Now, the instructions called for pouring the slurry over the SP, I poured the SP right over the Lees of the Chard. It stirred up wonderfully and was firing at full-pop in the airlock by the end of the day. I went back 3 days later (I was travelling), it was almost at 1.000 and it was still foaming happily, so I added the extra lemon and energizer/nutrient and gave a good stir.

It smells very... Lemon-y-Chard. My wife thinks it's a little too close to lemon cleaning products. And it's picked up the color of the blush.
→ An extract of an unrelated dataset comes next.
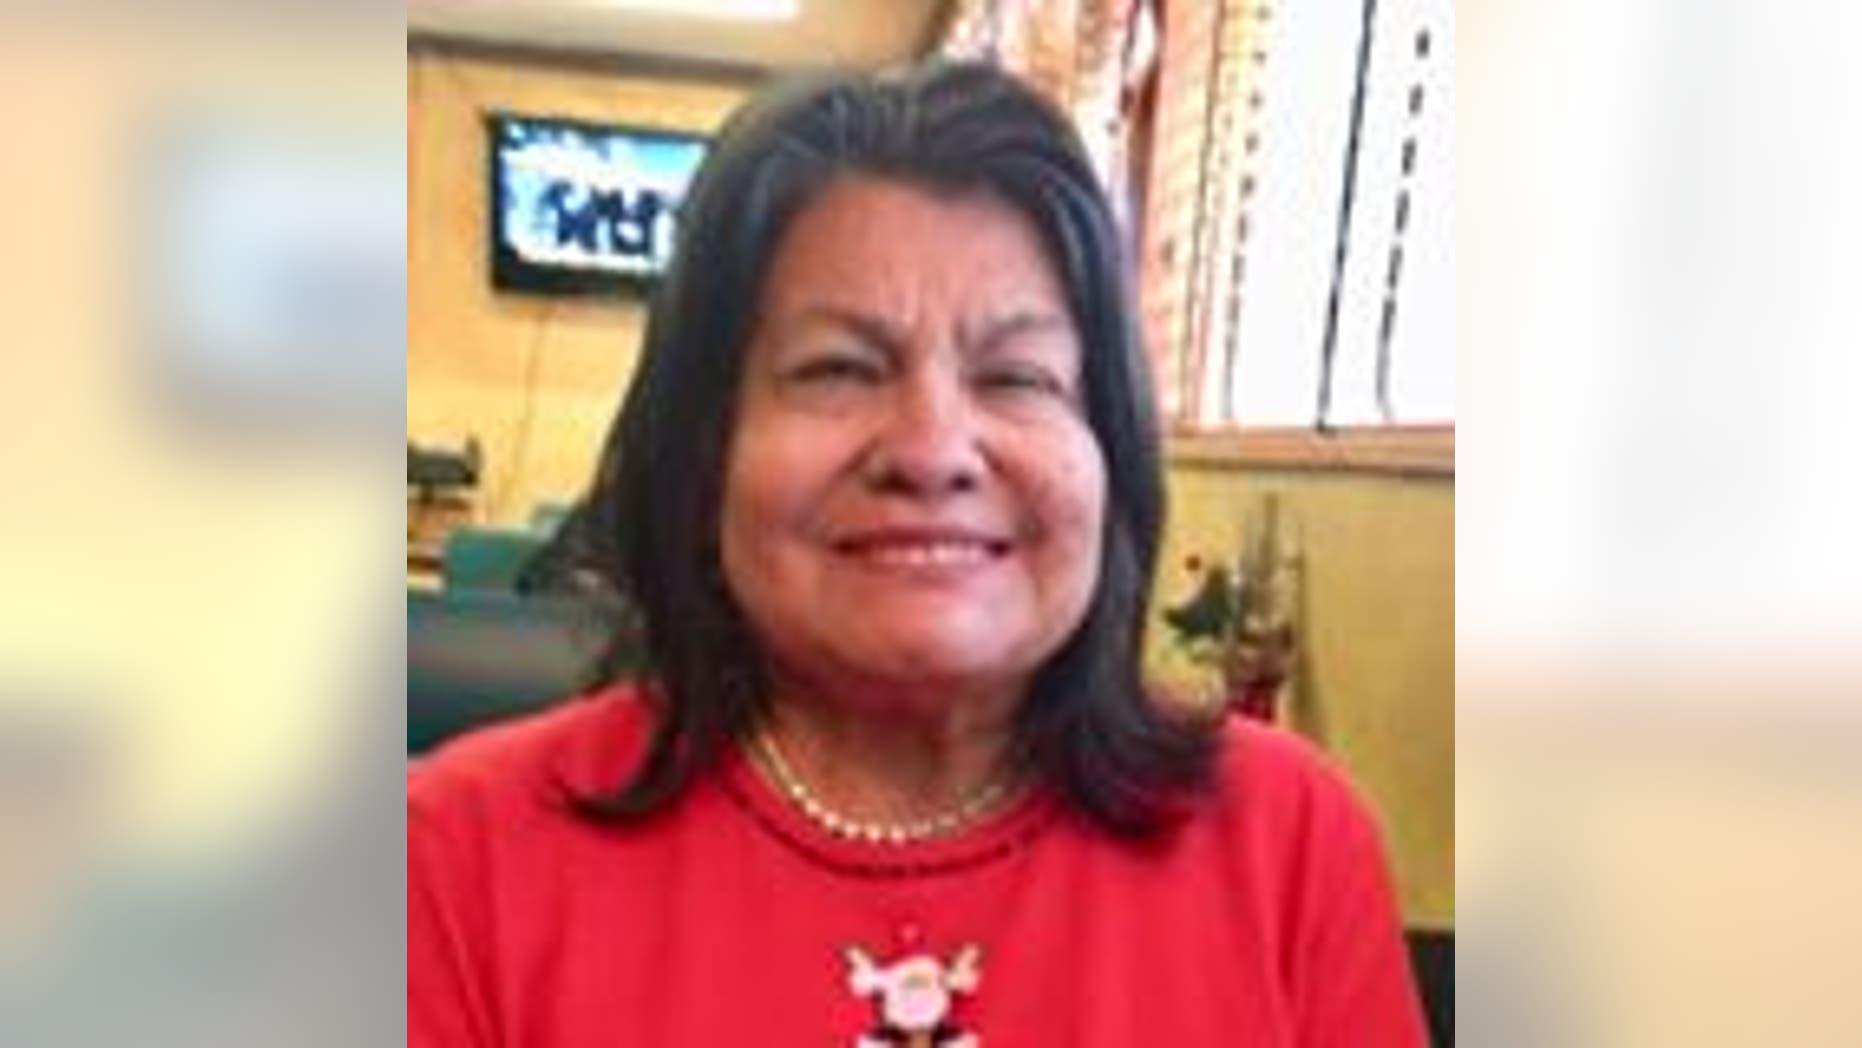 Olga Zuniga says her boss, a Texas judge, began monitoring her social media posts after Donald Trump became president.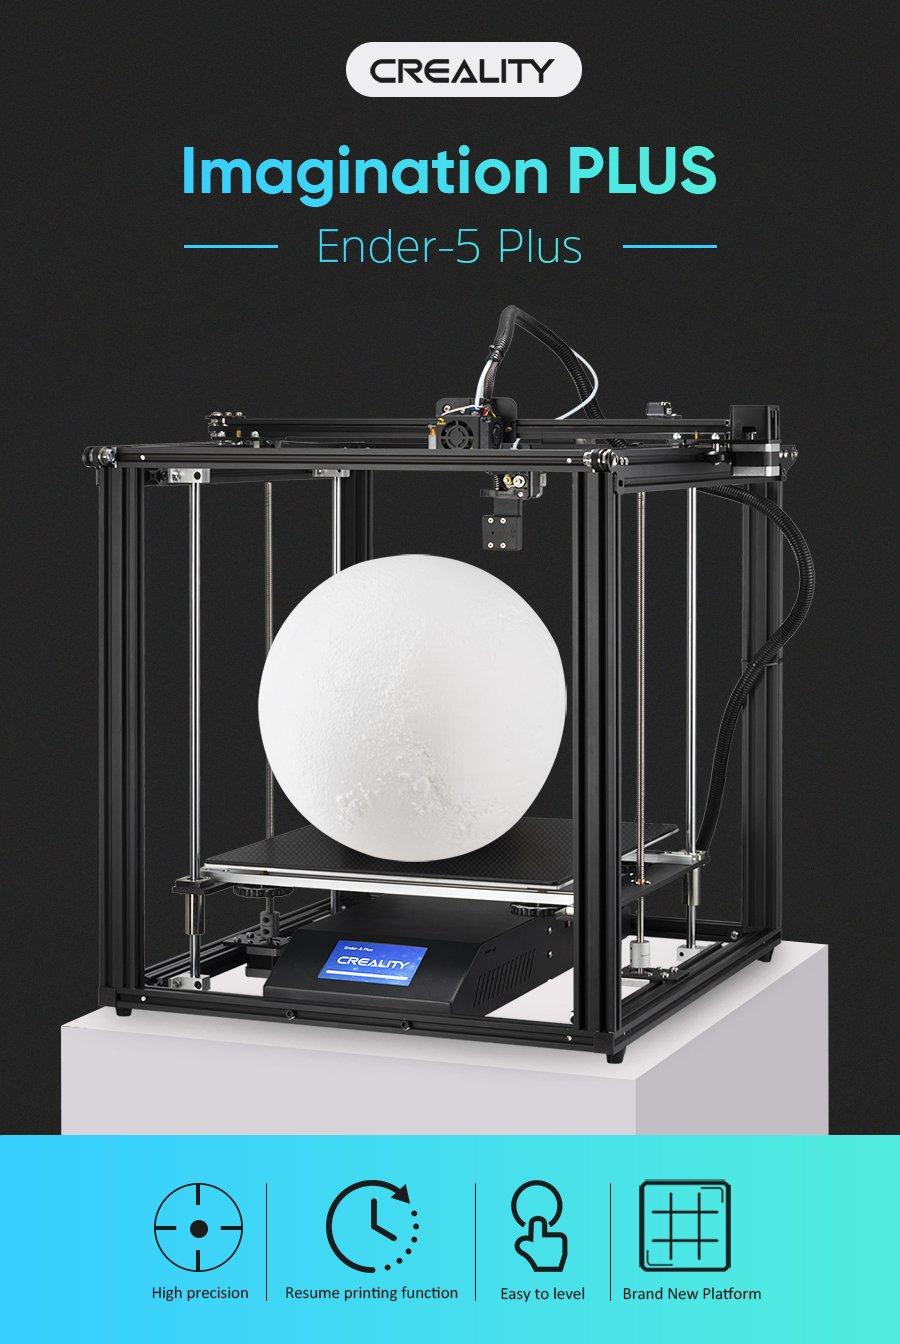 Ender 5 Plus אנדר 5 פלוס מדפסת תלת מימד

My local HBS didn't have tannins, so I didn't add any, and they hadn't any K-sorbate, so I may skip that as well (though they're supposed to get stock later).

My quick questions:
> What's the effect to skip the tannins & K-sorbate?
> Can I back-lemon it to good effect later or does the lemon start to pull forward upon 'aging'?
> Any concern by pouring over the full lees from the Chard rather than the other way around?


----------



## Julie (Mar 28, 2016)

You cannot back sweeten without adding sorbate. You will end up with bottle bombs because fermentation has re-started. The tannins would you a better mouth.


----------



## wineforfun (Mar 28, 2016)

Tannins are a personal preference, especially with something like SP. Julie is right on the money, you are asking for problems if you backsweeten without sorbate. 
I doubt you are going to need more lemon. You are going to need to backsweeten some to cut down on the acidity of the lemon and bring some flavor out.
Also, before you worry about backsweetening, sorbate, etc., you are going to need to clear it, assuming you don't want it cloudy.


----------



## Spikedlemon (Mar 29, 2016)

Thanks all

Any thoughts about using a non-fermenting sweetener like stevia? Or is that just add an odd aftertaste?


----------



## Julie (Mar 29, 2016)

There have been some who has and what they do is add it when they open the bottle.


----------



## Spikedlemon (Mar 29, 2016)

Julie said:


> There have been some who has and what they do is add it when they open the bottle.



That would certainly allow you to adjust sweetness to taste.

Is SP not very palatable dry?


----------



## Julie (Mar 29, 2016)

lol, I would think a dry lemon wine would give your an extreme case of the puckers.


----------